La vicenda è ancora tutta da chiarire. La politica interviene, discute, nelle ore in cui gli agenti della polizia perquisiscono la casa di Salim El Koudri, parlano con i suoi amici e parenti, scavano nel suo passato, compreso il ricovero nella clinica psichiatrica pare per schizofrenia. Gli inquirenti invitano alla cautela. Ma il ministro dei Trasporti Matteo Salvini, leader del Carroccio, non ci sta ad attendere gli esiti degli accertamenti. E su X scrive: «Salim El Koudri. Questo il nome del criminale di seconda generazione che oggi a Modena ha falciato, con la sua auto a folle velocità, dei passanti innocenti». E aggiunge: «Non ci può essere nessuna giustificazione per un delitto così infame». Non solo. La Lega va all’attacco in una nota: «Una cosa è certa: in troppe città italiane l’integrazione delle cosiddette seconde generazioni è fallita». Poi aggiunge: «Altro che ius soli o cittadinanze facili, bisogna proseguire con ancora più determinazione sulla strada di permessi di soggiorno revocabili in caso di reati gravi». Sulla faccenda decide di intervenire anche il ministro degli Esteri israeliano Gideon Saar: «Sono rimasto sconvolto nell’apprendere del vile attentato di Modena». Poi la solidarietà «al governo italiano e alle famiglie delle vittime».

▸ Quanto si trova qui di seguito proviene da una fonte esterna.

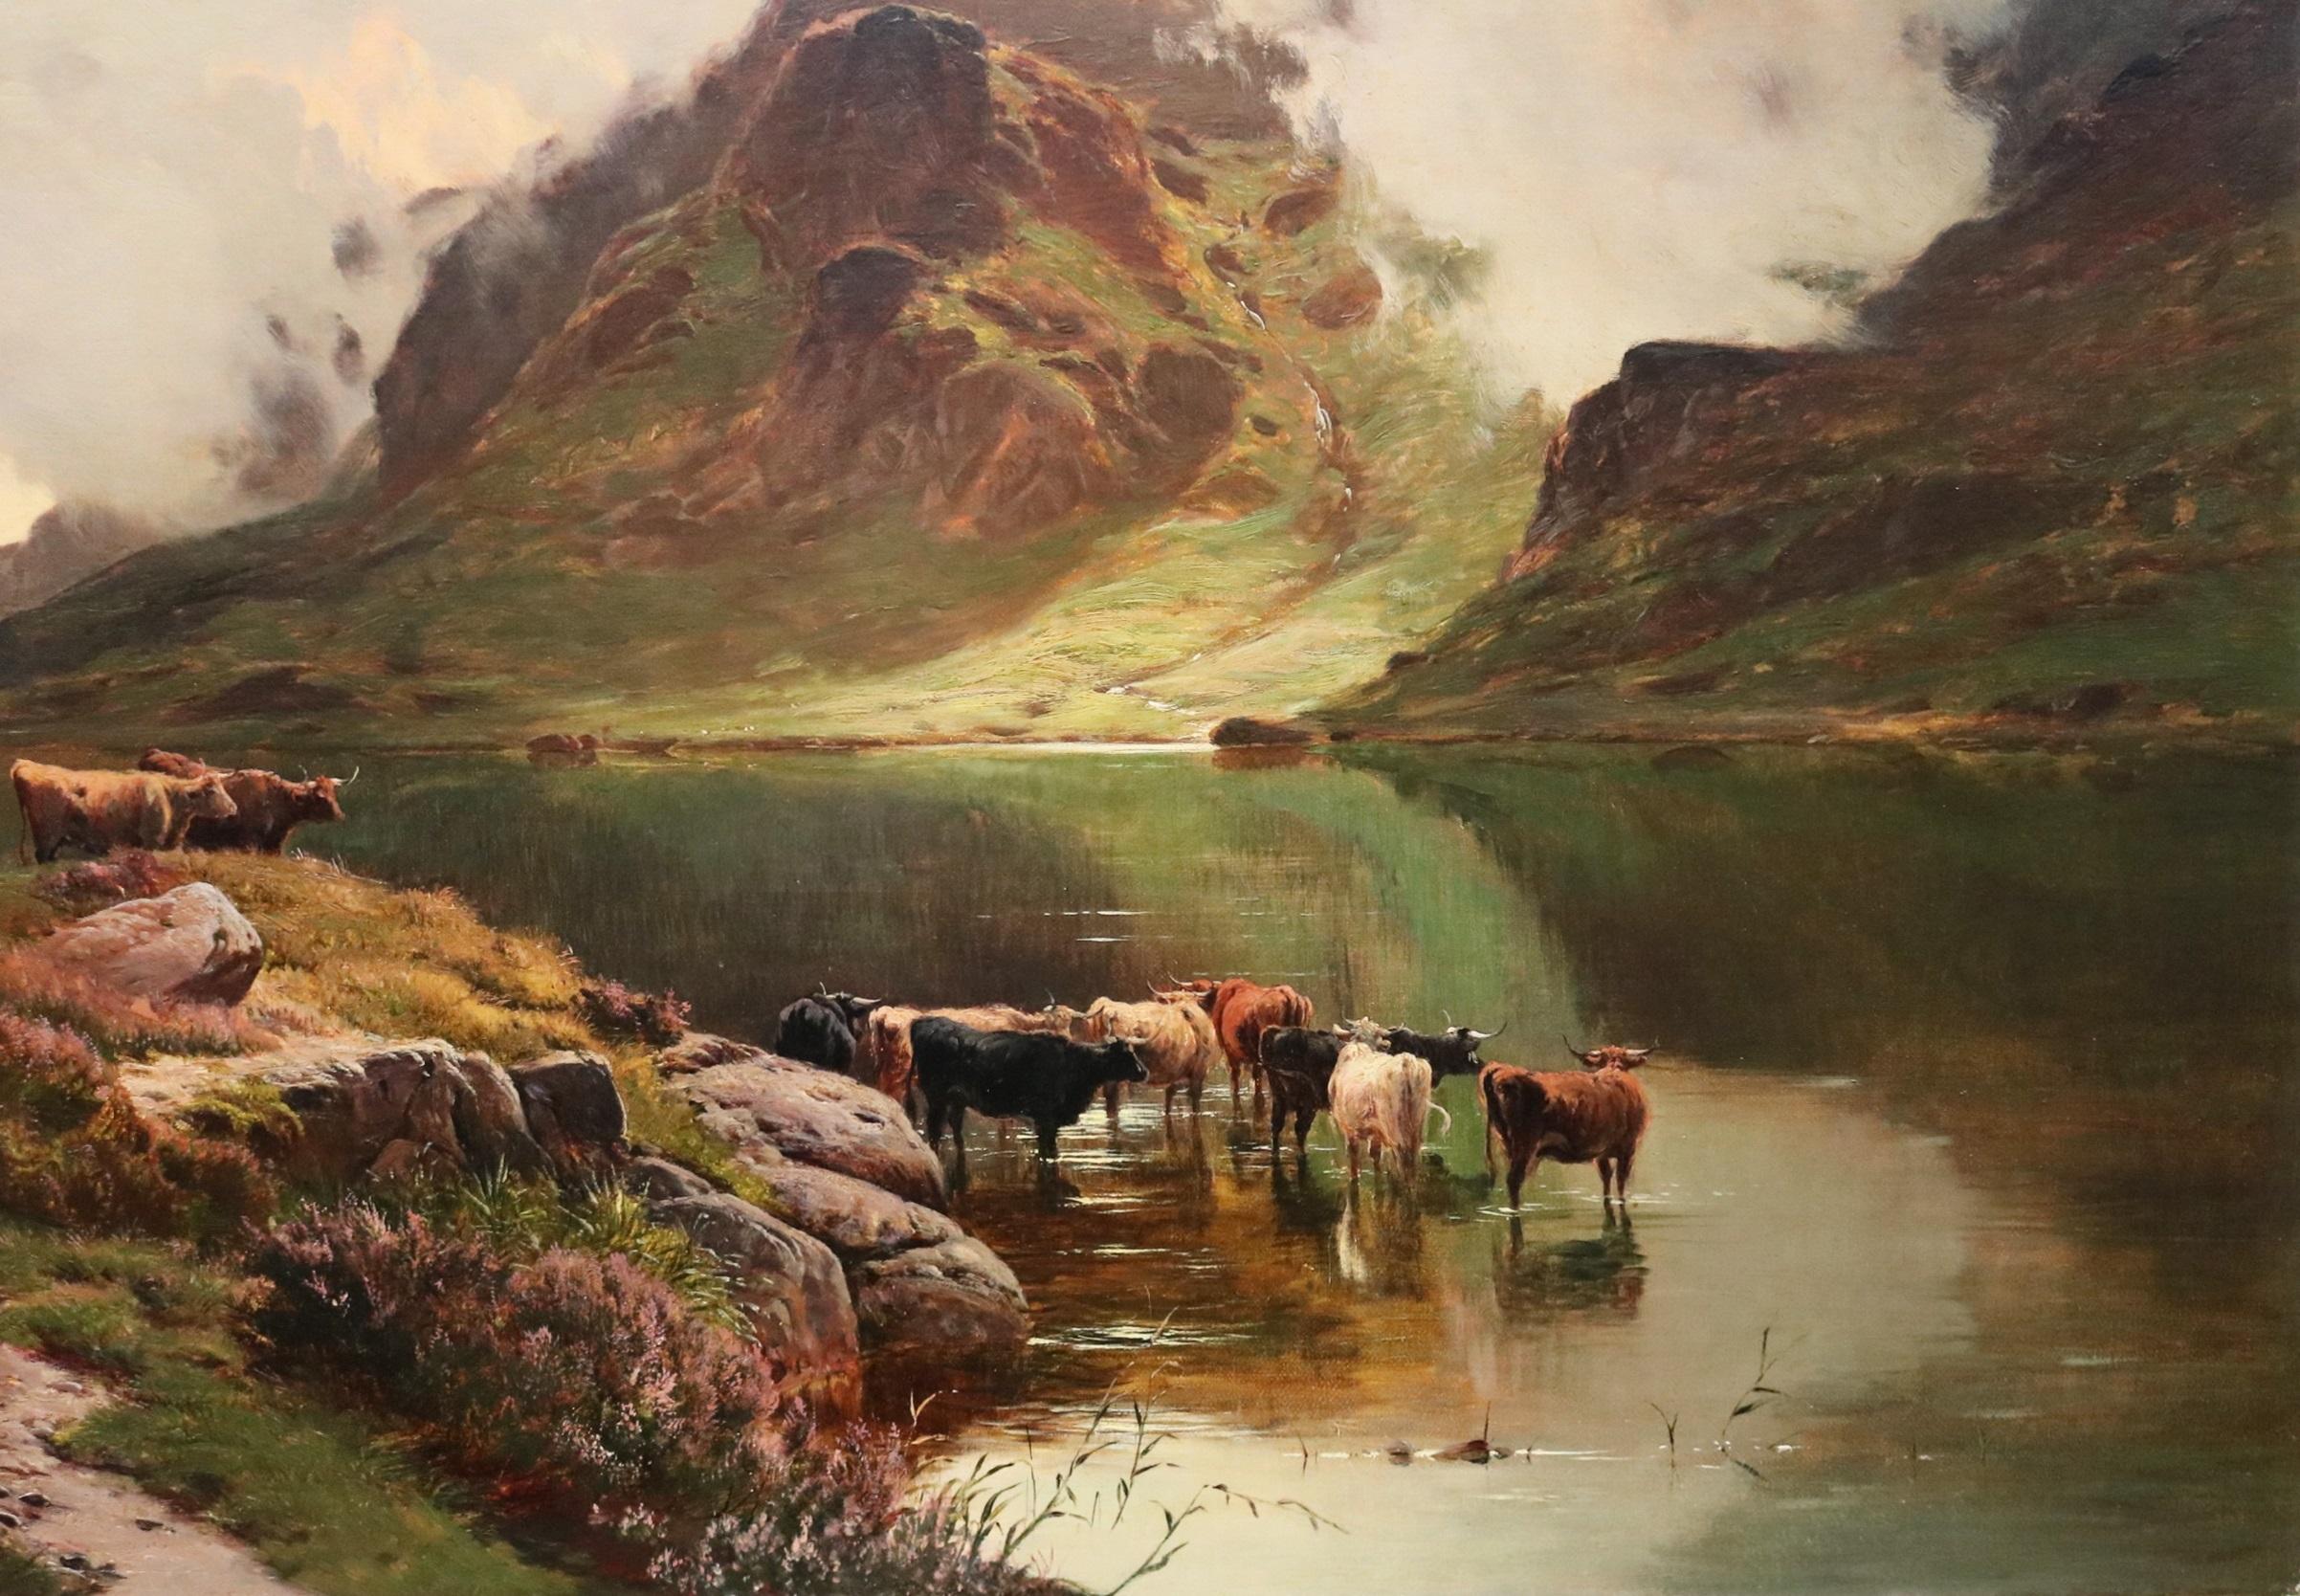 Llyn Idwal, North Wales - Large 19th Century Landscape Oil Painting of Snowdonia 2

Propaganda a parte, la notizia scuote gli animi e pone degli interrogativi. La segretaria del Partito Democratico Elly Schlein pensa alle persone ferite e ai loro parenti ed esprime «gratitudine, oltre che alle forze dell’ordine, anche ai quei cittadini che con coraggio hanno inseguito e fermato il responsabile». Il leader del Movimento 5 Stelle Giuseppe Conte spera «che si faccia rapidamente luce su quanto accaduto e che chi è responsabile paghi per questo folle gesto», mentre Matteo Renzi di Italia Viva si dice «sconvolto. È la prima volta che in Italia registriamo un drammatico evento di questo genere: occorre fare chiarezza subito e reagire tutti insieme con determinazione». A chiedere che sia fatta luce «accertando rapidamente fatti e responsabilità» è anche Angelo Bonelli di Avs. E il leader di +Europa Riccardo Magi esprime «massimo sostegno alle autorità cittadine a partire dal sindaco» e «gratitudine per i cittadini coraggiosi». Da Azione, Carlo Calenda solleva questioni sulla gestione della sicurezza. Esordisce: «Che si tratti di una situazione di squilibrio mentale o di terrorismo è troppo presto per dirlo». Poi aggiunge: «Non c’è dubbio però che manchi un’azione di prevenzione nel contenere persone che possono essere socialmente pericolose».

I messaggi di solidarietà si susseguono. I sindaci inviano messaggi di vicinanza al collega di Modena. Gli scrive, per citarne alcuni, il sindaco di Bologna Matteo Lepore, quello di Roma Roberto Gualteri, la prima cittadina di Firenze Sara Funaro.

Il mondo politico si mobilita. La ministra dell’Università Anna Maria Bernini sottolinea lo «sgomento di fronte a un episodio così grave» e la ministra per le Riforme istituzionali Elisabetta Casellati dice: «Questi fatti lasciano senza parole per la loro gravità».

Le parole vengono ponderate quasi da tutti: si cerca di capire i contorni della storia. Si condanna, certo. Ma senza strumentalizzare. A parte la Lega che tuona contro gli immigrati e i figli degli immigrati.